**EXERCISE AIM:**
Exact reproduction of all the data is required, with pictures excluded.

**SOURCE DATA:**
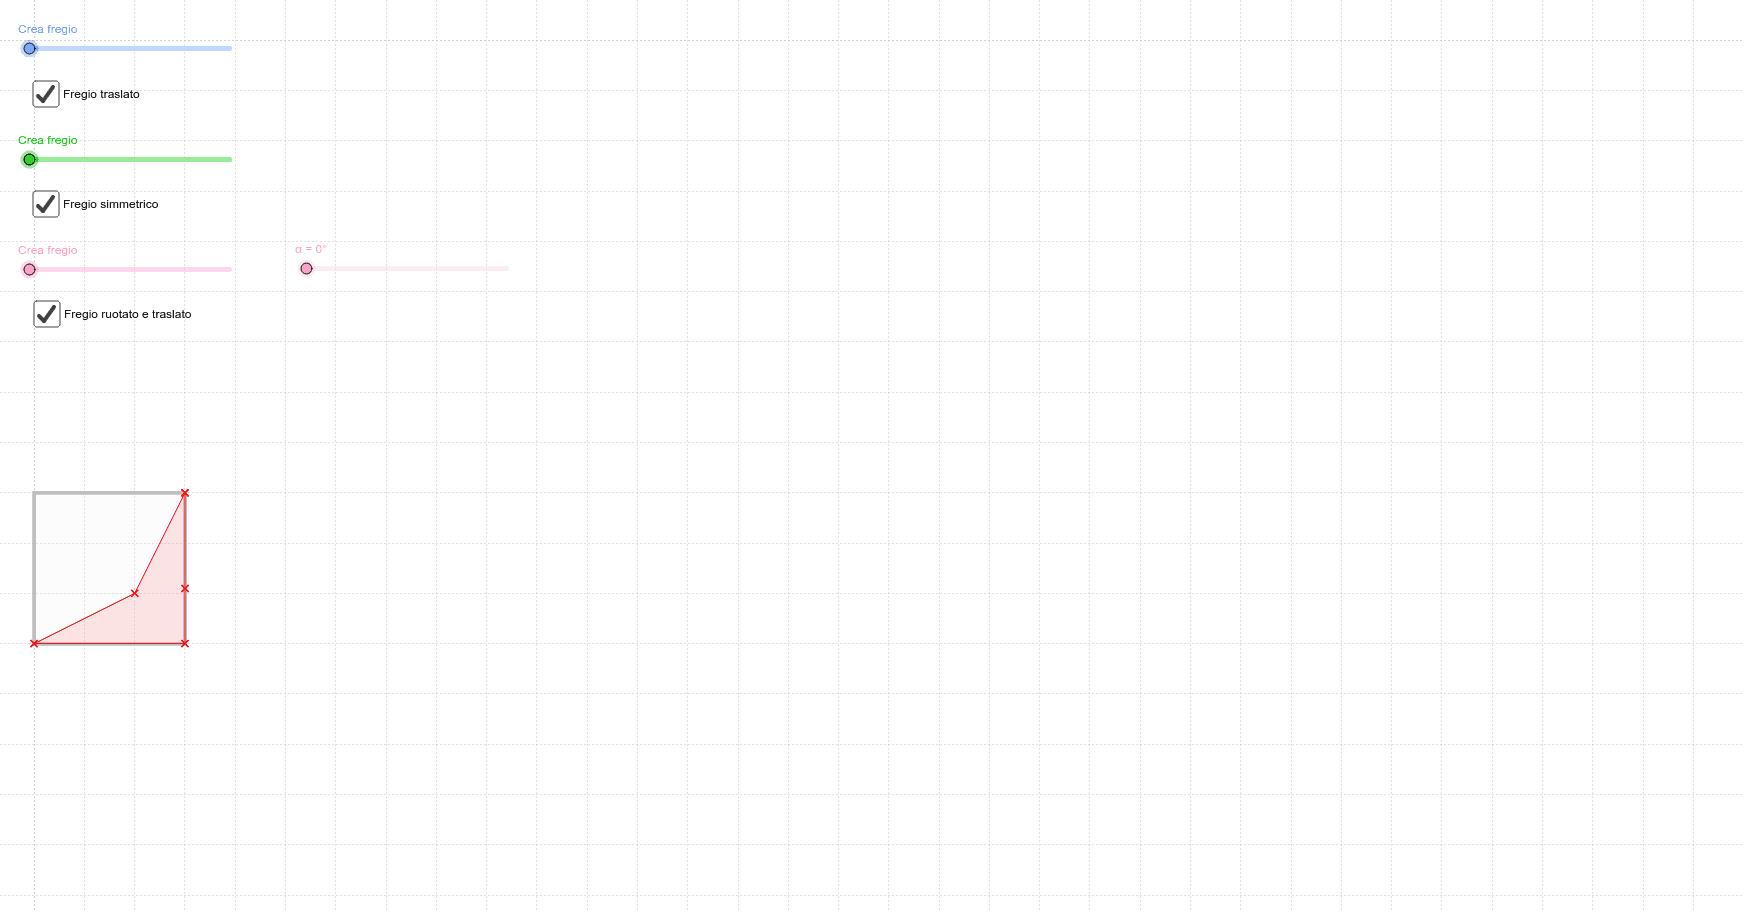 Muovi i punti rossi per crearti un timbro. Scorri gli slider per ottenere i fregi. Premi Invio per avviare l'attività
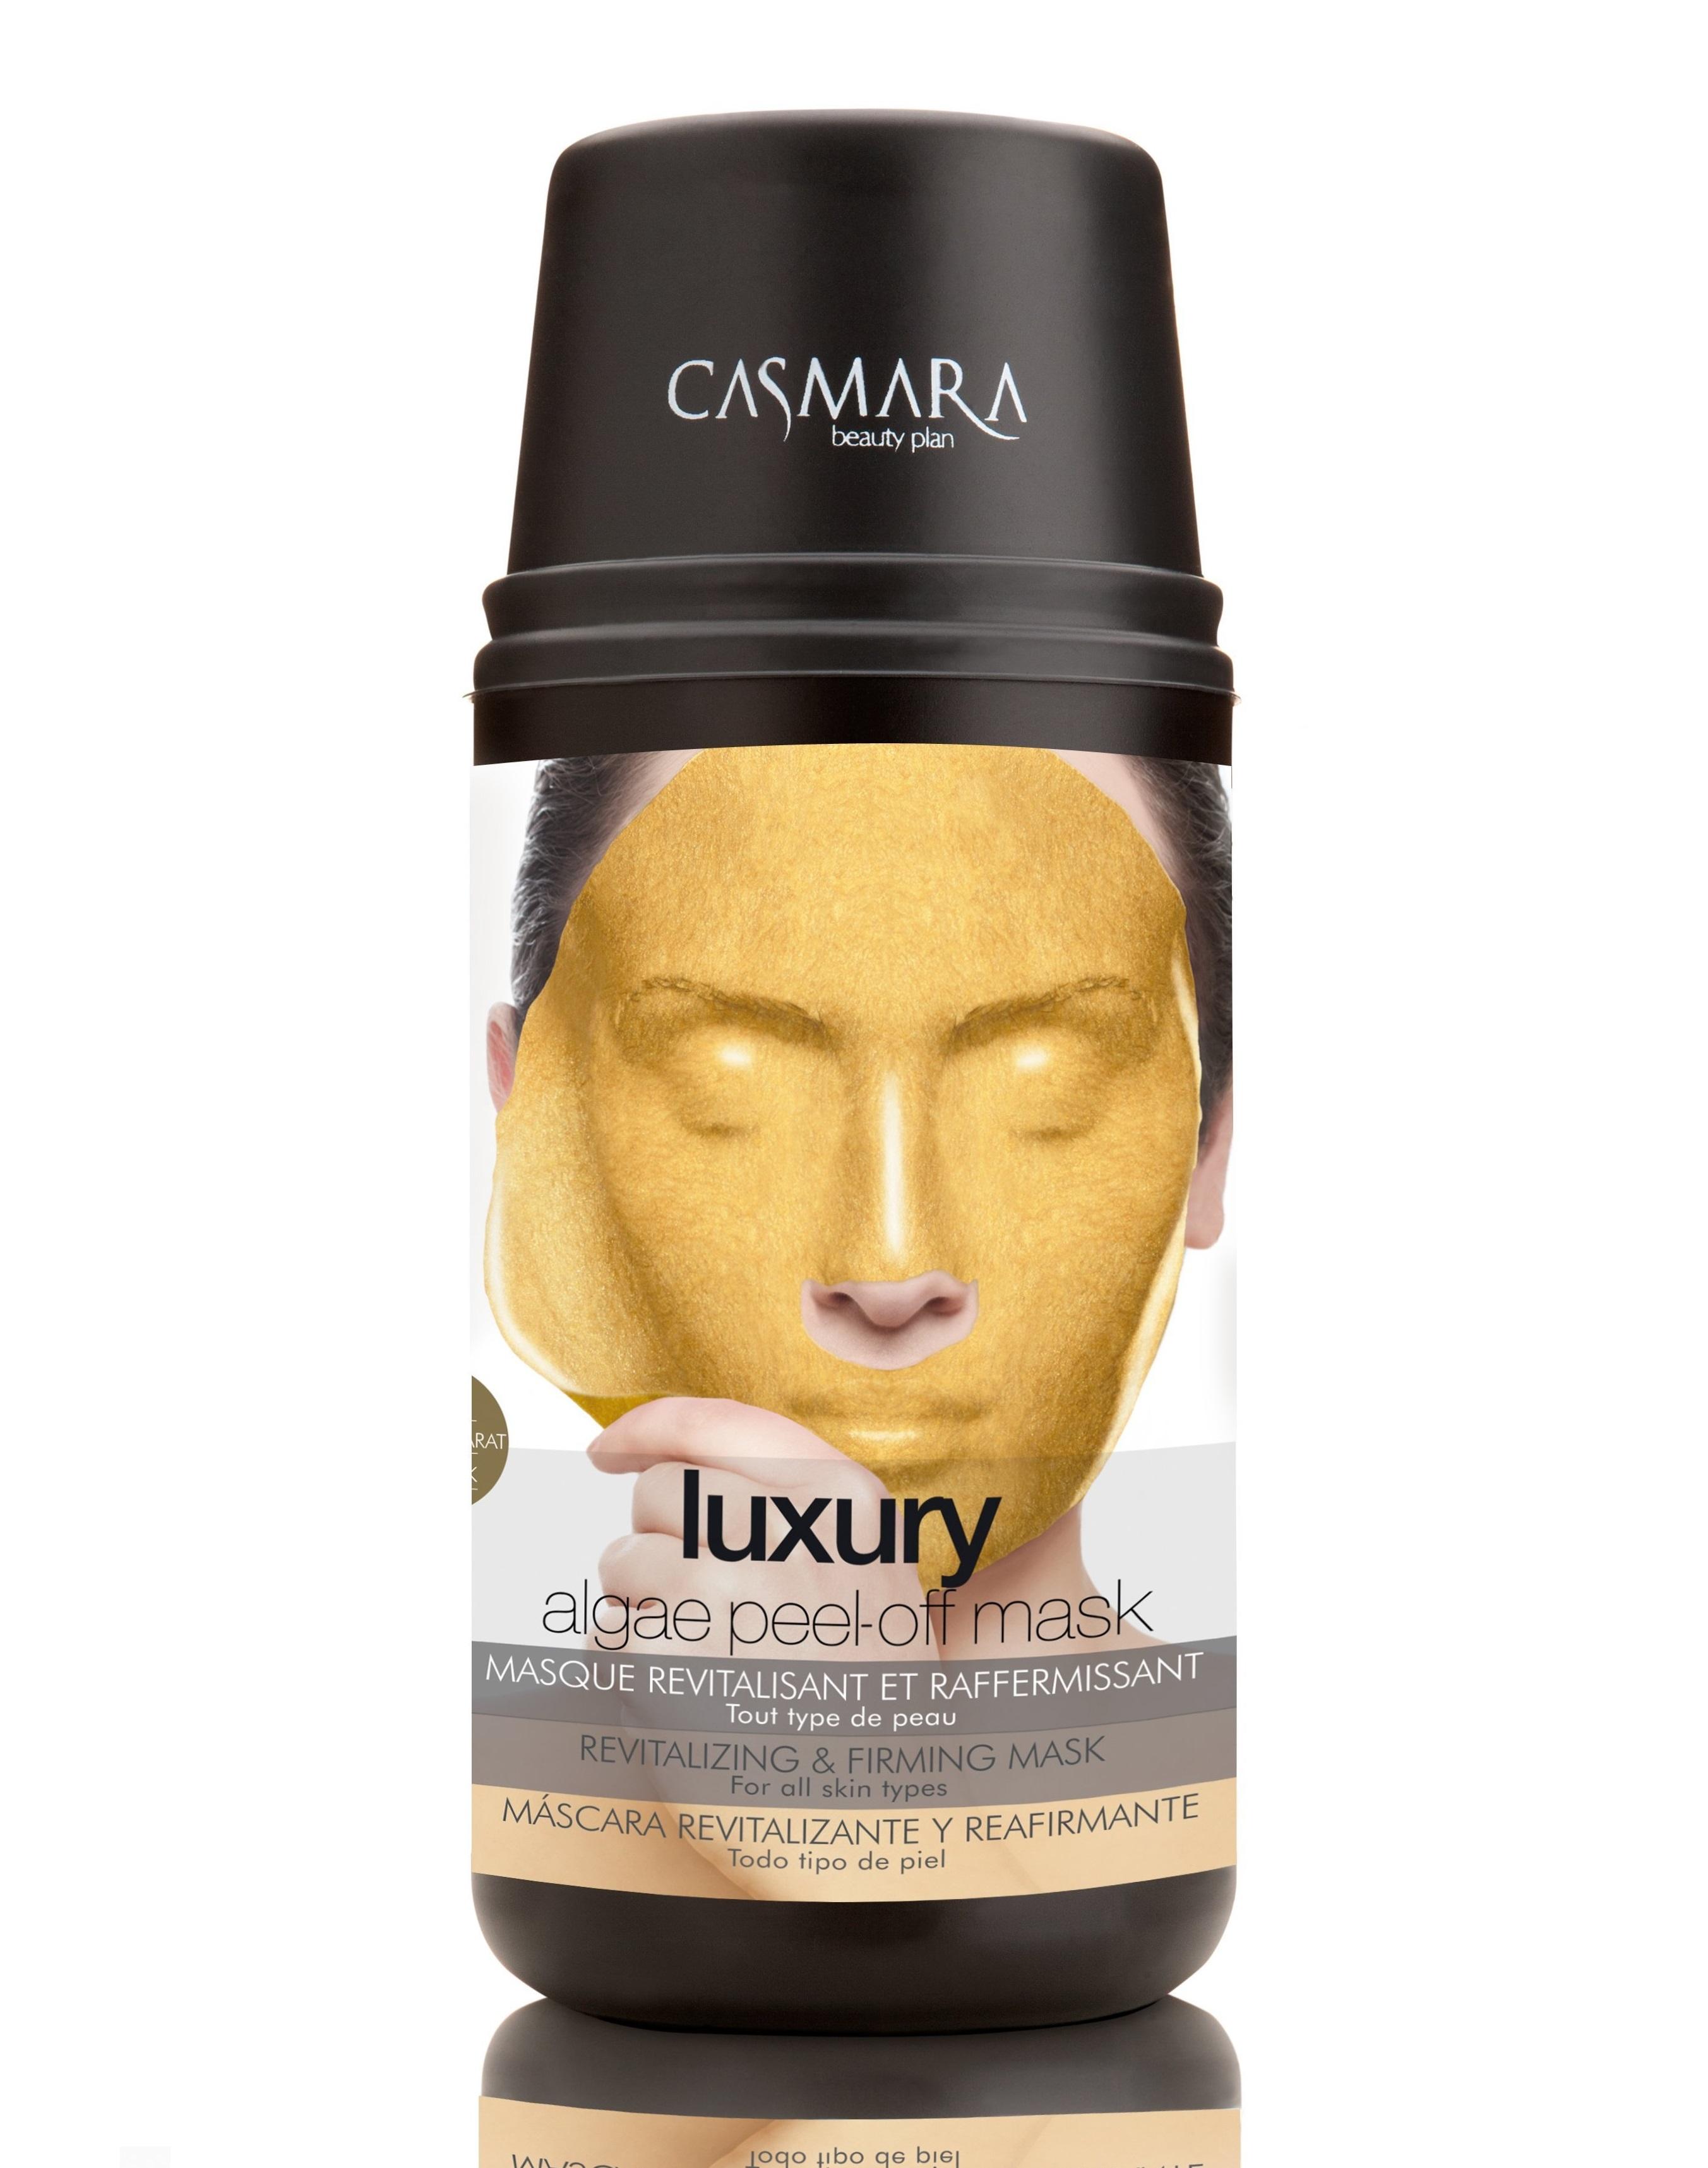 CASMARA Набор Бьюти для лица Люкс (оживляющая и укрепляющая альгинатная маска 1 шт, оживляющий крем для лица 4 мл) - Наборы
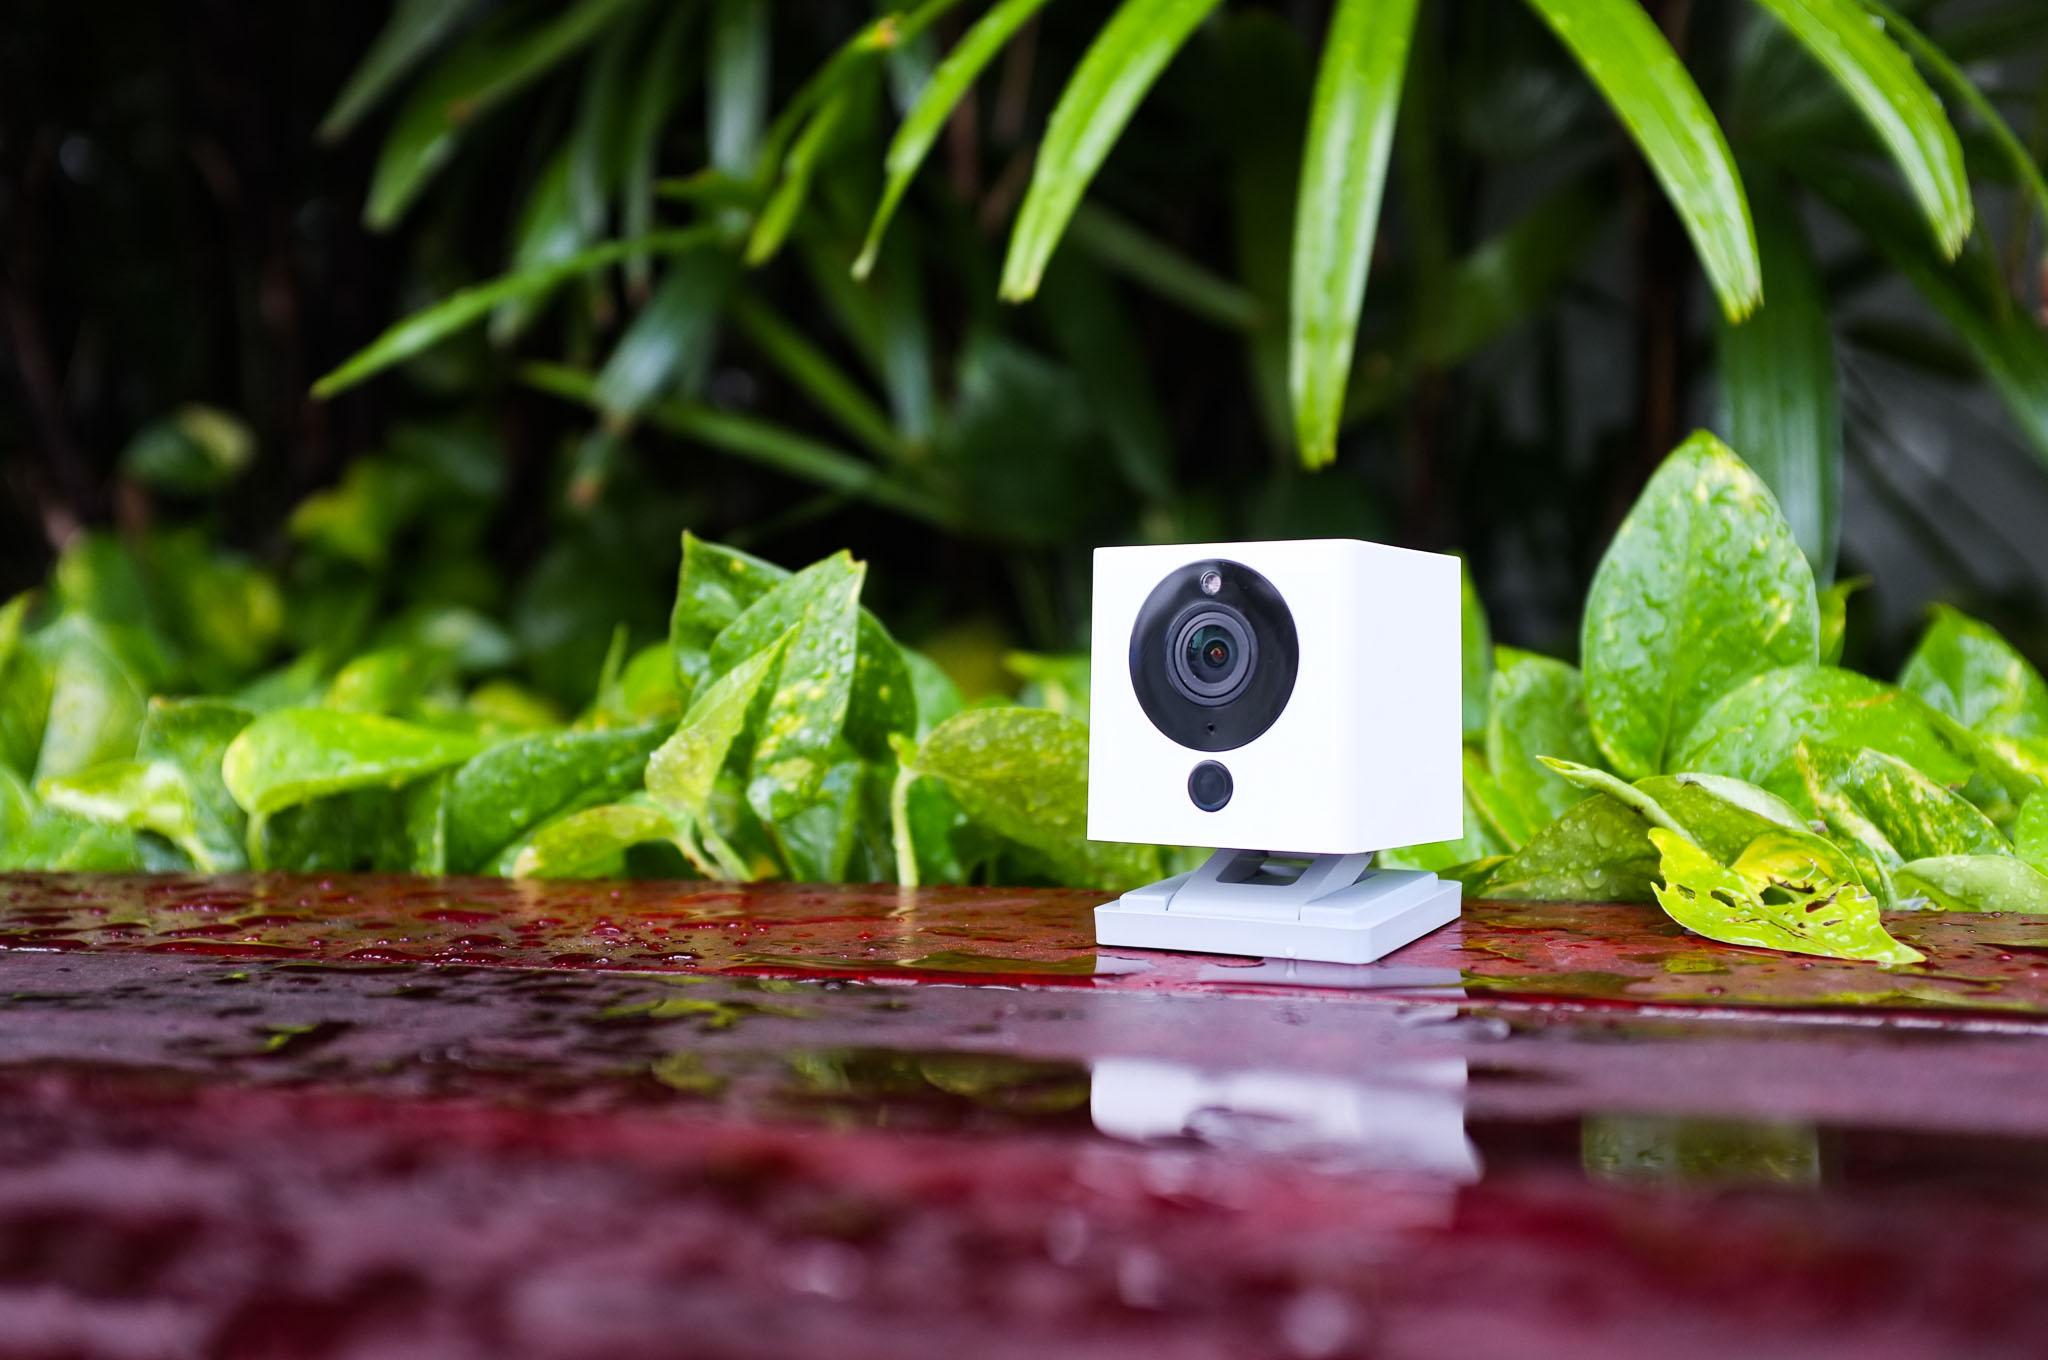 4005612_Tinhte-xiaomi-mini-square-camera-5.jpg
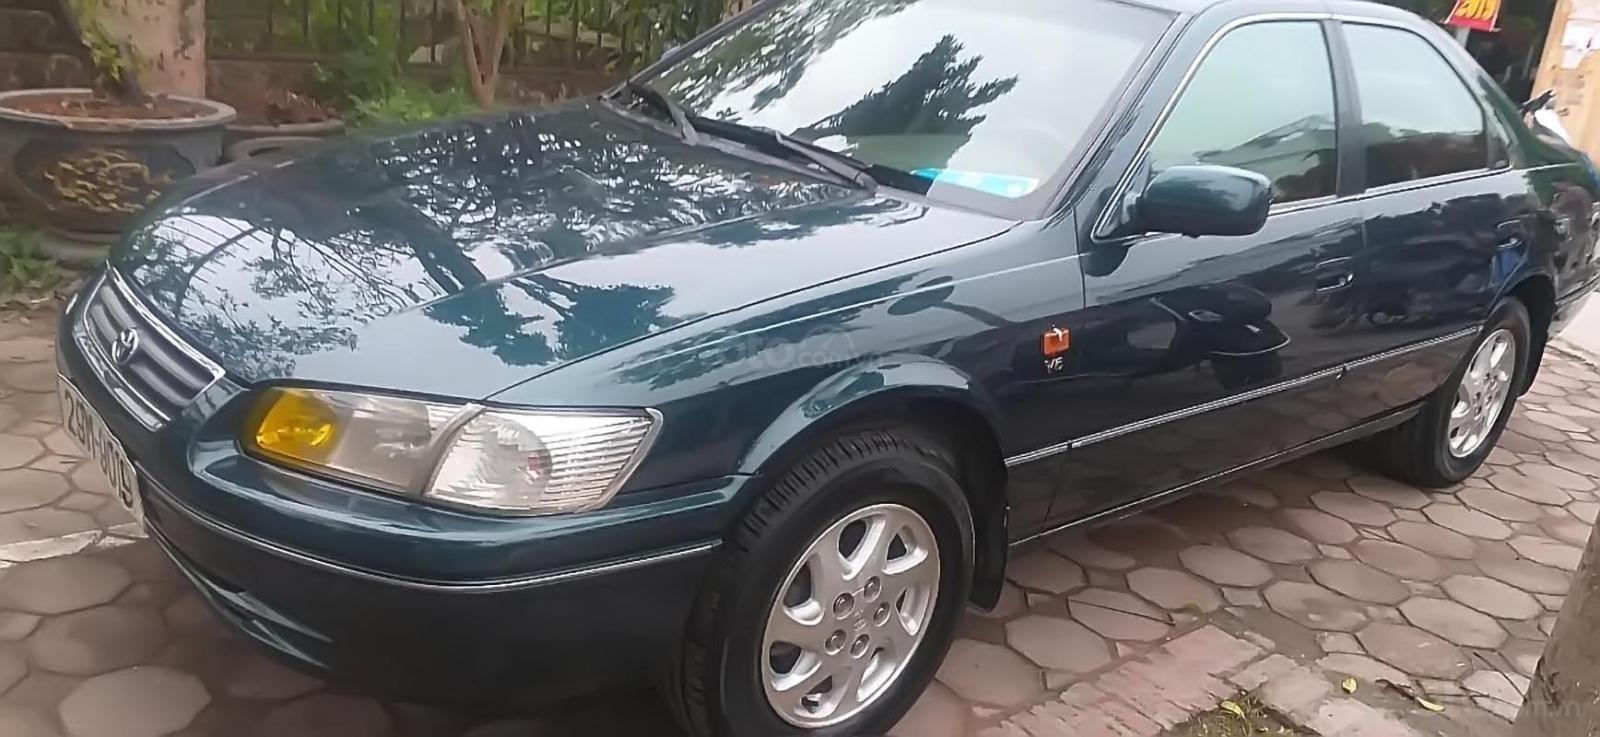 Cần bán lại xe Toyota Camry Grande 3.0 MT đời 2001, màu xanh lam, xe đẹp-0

**YOUR SOLUTION:**
 Muovi i punti rossi per crearti un timbro. Scorri gli slider per ottenere i fregi. Premi Invio per avviare l'attività
 CASMARA Набор Бьюти для лица Люкс (оживляющая и укрепляющая альгинатная маска 1 шт, оживляющий крем для лица 4 мл) - Наборы
 4005612_Tinhte-xiaomi-mini-square-camera-5.jpg
 Cần bán lại xe Toyota Camry Grande 3.0 MT đời 2001, màu xanh lam, xe đẹp-0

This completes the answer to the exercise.